Photosynth gets Geekbriefed

Cali and Neal from visited us in October, and they've just released their video "brief" of Photosynth based on that visit.  Here it is:

 And here's the synth that was made on-camera during that shoot. My color balance was a little on the sickly yellow side for this one. Sorry Cali!


Comments (1)

  1. Nate Lawrence says:

    Well that was pleasant. I need to look up their previous episode on Photosynth, apparently.

    It’s also good to hear someone besides Blaise emphasise the difference in results between the determined (and reasonably informed) photosynther vs. typical mass photography.

    I have to admit that my earliest synths all used portrait shots in my panoramas. I believe I had 50 percent overlap more often than not but I wasn’t exactly overjoyed with the results of that method.

    I’ve wondered before whether the 1.5 or 2.0 megapixel versions of our photos that are used to harvest image features are always defined by a maximum pixel size in the largest dimension (width or height). This is to ask, "EXIF data notwithstanding, would square photos that were centred on the same subject and the same number of pixels tall as landscape photos actually generate more image features?".

    I will say one thing.
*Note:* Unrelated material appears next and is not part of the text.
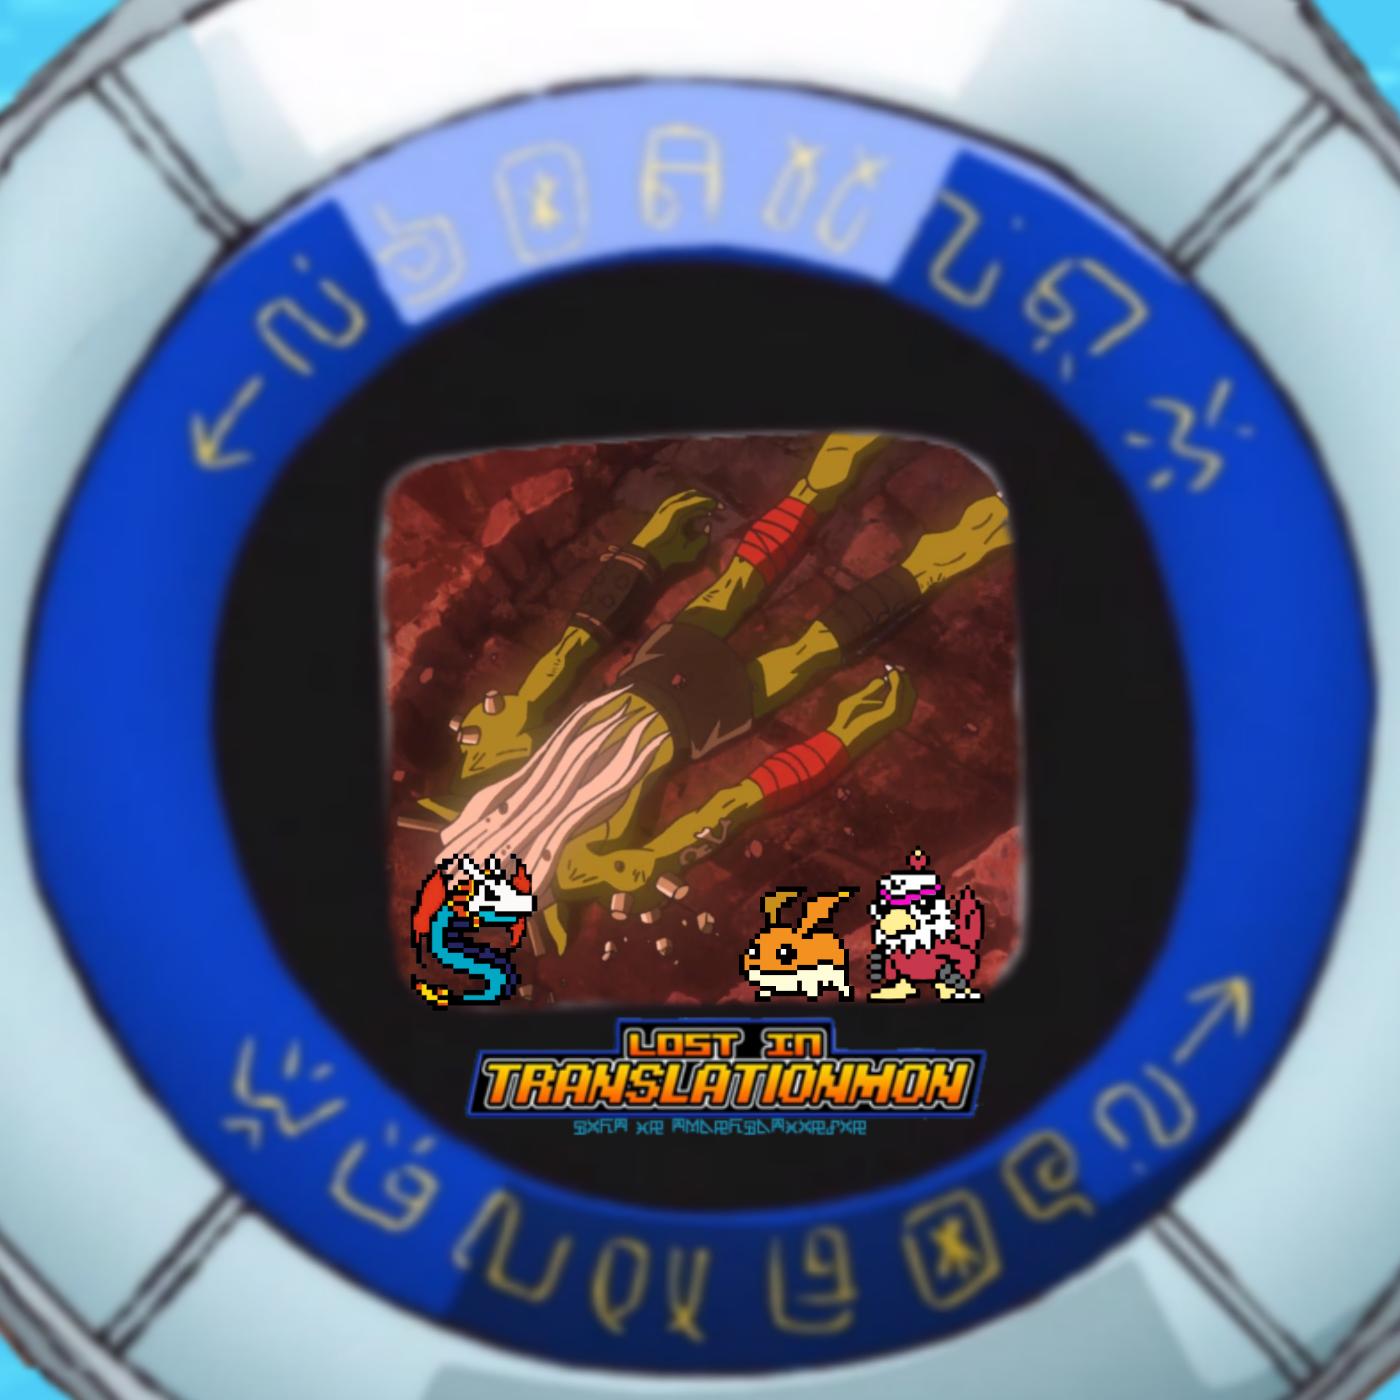 Digimon Adventure 2020 Episode 9 Podcast Discussion

I feel like somehow the description of Photosynth needs to be distilled to be much more clear while still remaining compelling and concise. This is certainly difficult to do, but I can’t help feeling that it would result in better reactions from people.
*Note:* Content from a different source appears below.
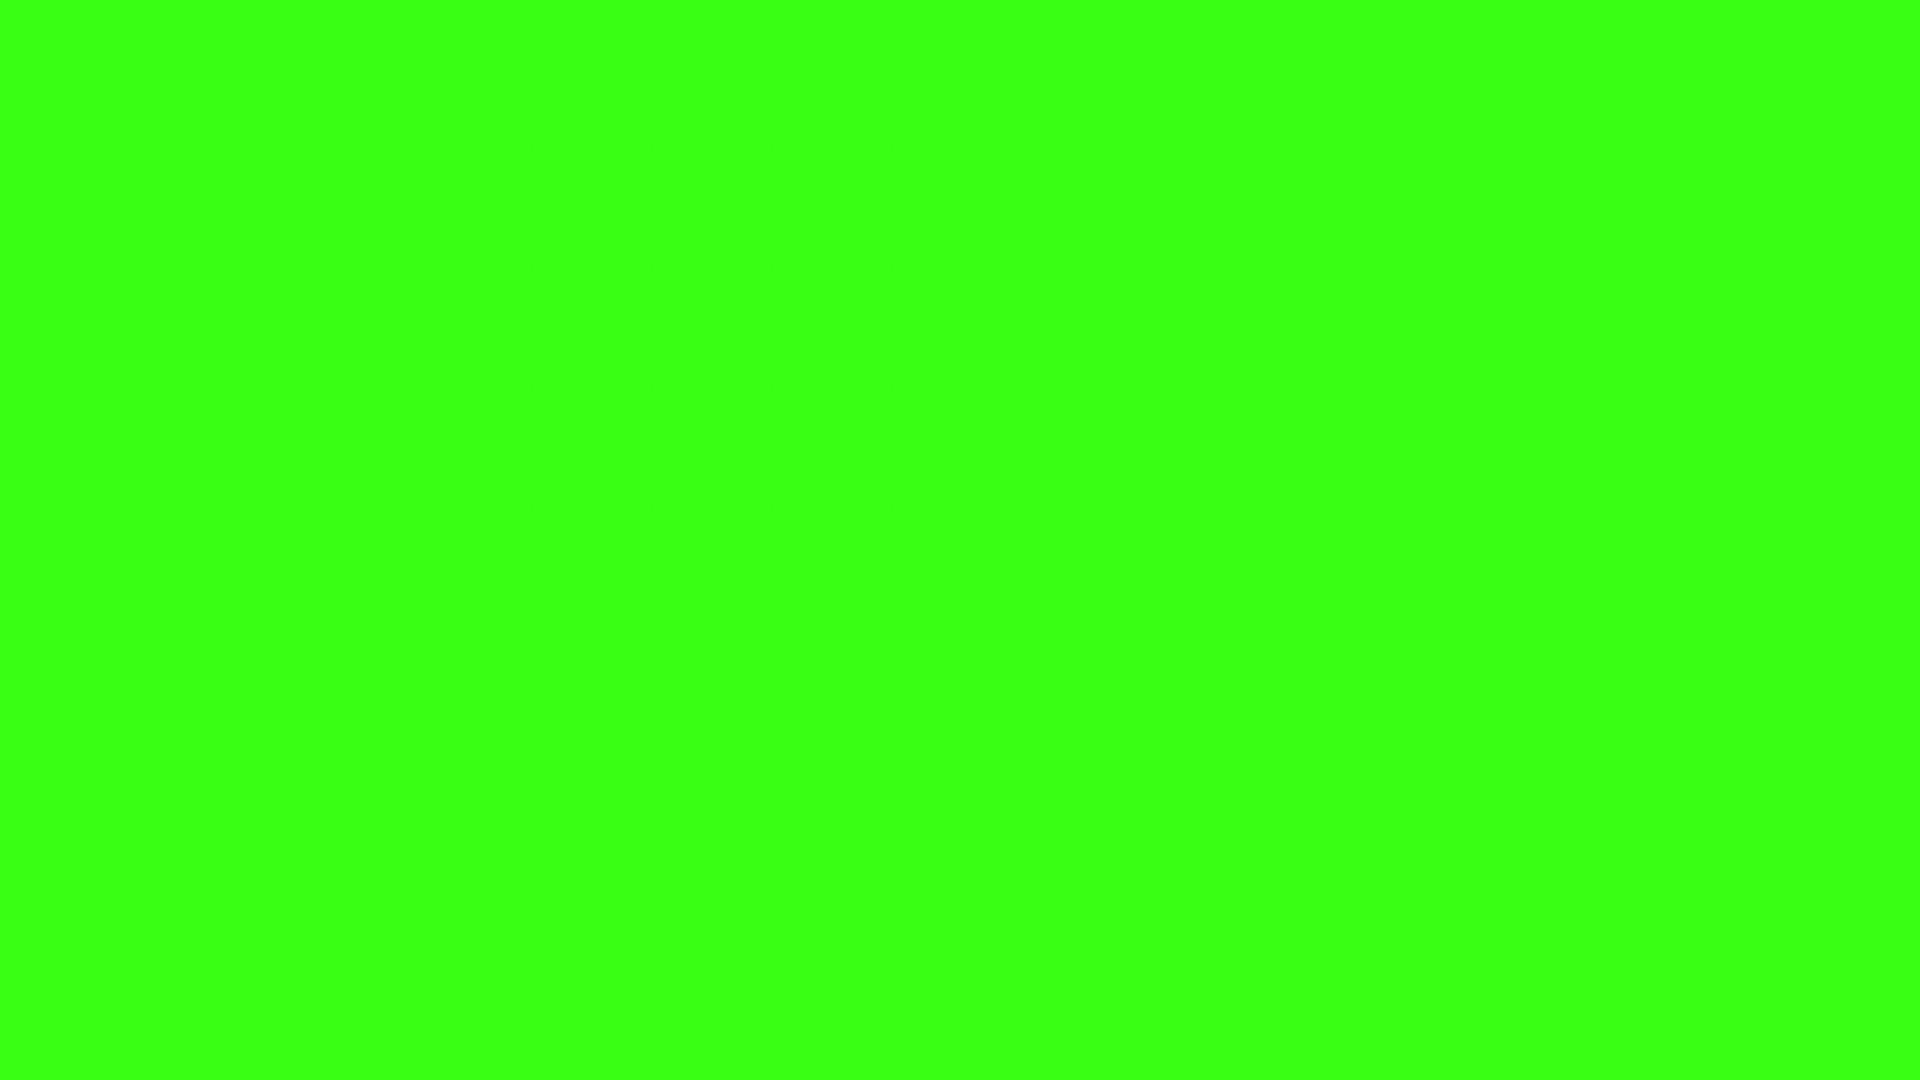 Neon Green Full HD Wallpaper

    Reading the comments over at raises my blood pressure a little over people’s dismissal. Time and again you see the word ‘underwhelmed’. Well, what is the reason for that?

    Somehow in describing what Photosynth is, expectations are raised above what Photosynth is delivering today. I’m certain we all feel that the future holds nearly unlimited promise, but I wonder whether it isn’t better to show people before you tell. I actually think that the order of presentation in Blaise’s TED Talk had a lot to do with its success. People saw it in action for themselves before any description could conjure up a vision in their heads that transcends Photosynth’s current position.

    In any case, this is a great little way to wrap up the year on the heels of the second version of the Silverlight 3 Viewer, Geo-Alignment, Bing Maps Beta, Overhead View, etc. It’s been a great year of progress, guys. Thanks so much for all your hard work.

    That being said, I can hardly wait to see:

    > Linked Synths! (this is going to buy you so much credibility as it’s really the big piece that’s been MIA since the TED Talk and the Live Labs promo video days)

    > Dense Reconstruction!

    > aligning each separate pointcloud in a fractured synth (and even orphaned photos) using the geo-alignment tool

    > MSR ICE integration!

    > hardware acceleration for proper 3D and stable pointclouds

    > view the map tiles as a ground plane under the pointcloud as in the geo-alignment tool (also allowing us to play the slideshow in overhead view).

    > the ability to suggest geo-alignment for other people’s synths (there are so many people who are just never going to do it on their own!)

    > the ability to send other Photosynth users a direct message, rather than having unrelated conversations in comment threads on their synths.

    > notifications to replies in the forums

    > Bing Maps Silverlight leave beta (hopefully ditching the black void around the satellite tiles when you dive into a synth)

    > the ability to log into and comment on the official Photosynth blog with my official Photosynth account. 😉

    and the list goes on and on.

    I have prioritised the above for the most part as far as what I would love to see, for whatever it’s worth. Obviously some of it extends past the Photosynth team (such as Silverlight’s capabilities.)

    I’m definitely looking forward to seeing what your team has been working on in the coming year. Thanks, again.